README.md

March 29, 2026 · View on GitHub

DeepCamera — Open-Source AI Camera Skills Platform

DeepCamera's open-source skills give your cameras AI — VLM scene analysis, object detection, person re-identification, all running locally with models like Qwen, DeepSeek, SmolVLM, and LLaVA. Built on proven facial recognition, RE-ID, fall detection, and CCTV/NVR surveillance monitoring, the skill catalog extends these machine learning capabilities with modern AI. All inference runs locally for maximum privacy.

🛡️ Introducing SharpAI Aegis — Desktop App for DeepCamera

Use DeepCamera's AI skills through a desktop app with LLM-powered setup, agent chat, and smart alerts — connected to your mobile via Discord / Telegram / Slack.

SharpAI Aegis is the desktop companion for DeepCamera. It uses LLM to automatically set up your environment, configure camera skills, and manage the full AI pipeline — no manual Docker or CLI required.
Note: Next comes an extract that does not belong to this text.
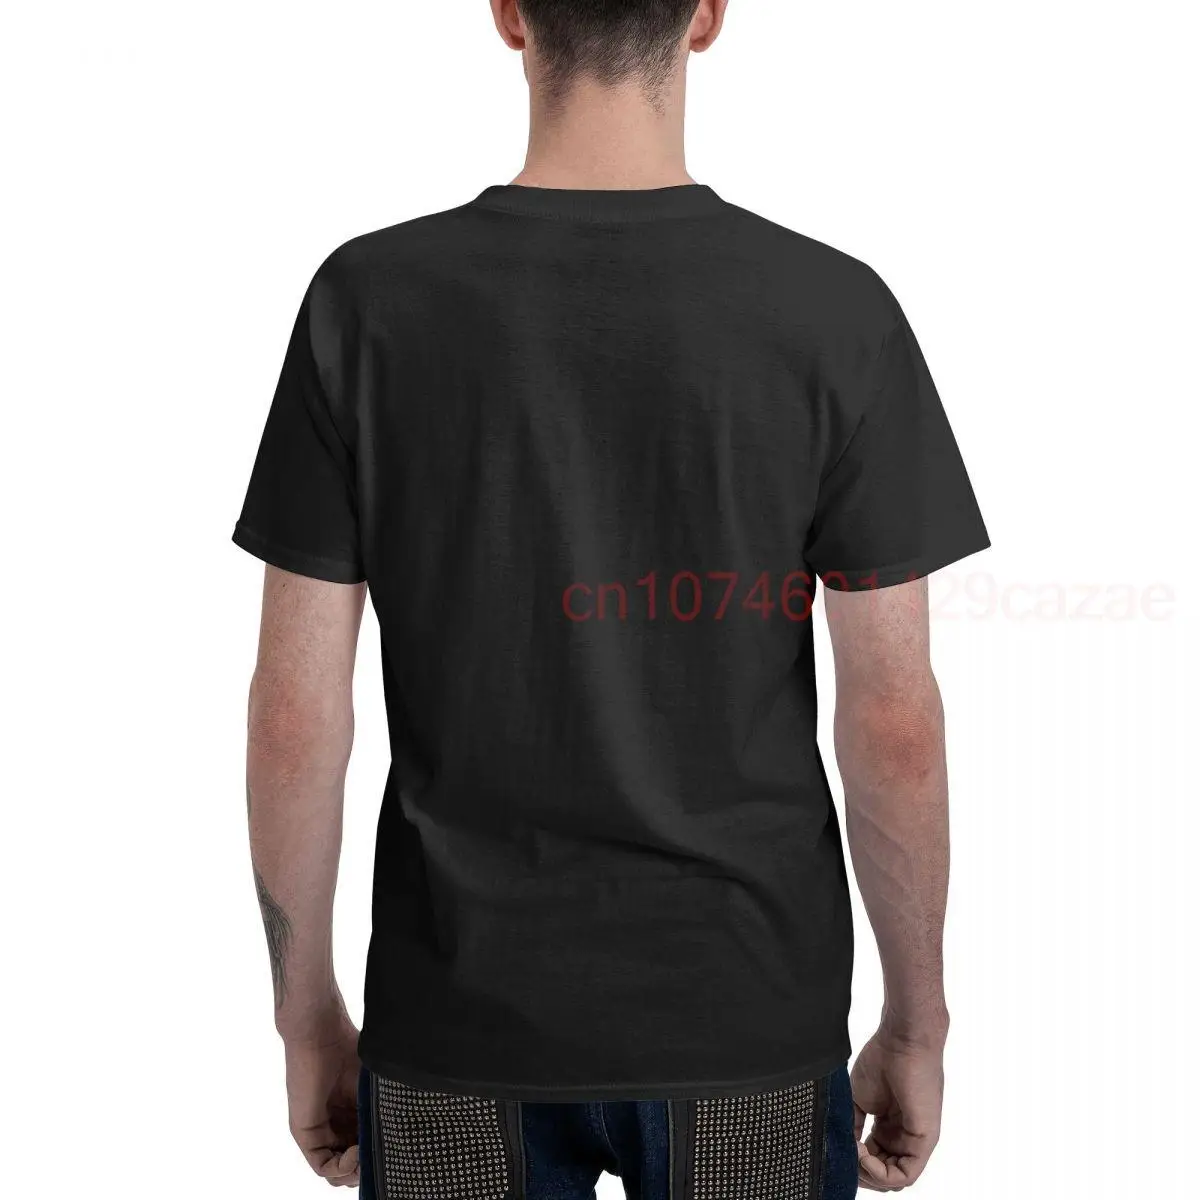 100% Bombaž Lepoto Katmanduju T-Shirt MOŠKI ŽENSKE UNISEX Majice s kratkimi rokavi Velikosti S-6XL

It also adds an intelligent agent layer: persistent memory, agentic chat with your cameras, AI video generation, voice (TTS), and conversational messaging via Discord / Telegram / Slack.

📦 Download SharpAI Aegis →

🗺️ Roadmap

Skill architecture — pluggable SKILL.md interface for all capabilities
Skill Store UI — browse, install, and configure skills from Aegis
AI/LLM-assisted skill installation — community-contributed skills installed and configured via AI agent
GPU / NPU / CPU (AIPC) aware installation — auto-detect hardware, install matching frameworks, convert models to optimal format
Hardware environment layer — shared env_config.py for auto-detection + model optimization across NVIDIA, AMD, Apple Silicon, Intel, and CPU
Skill development — 19 skills across 10 categories, actively expanding with community contributions

🧩 Skill Catalog

Each skill is a self-contained module with its own model, parameters, and communication protocol. See the Skill Development Guide and Platform Parameters to build your own.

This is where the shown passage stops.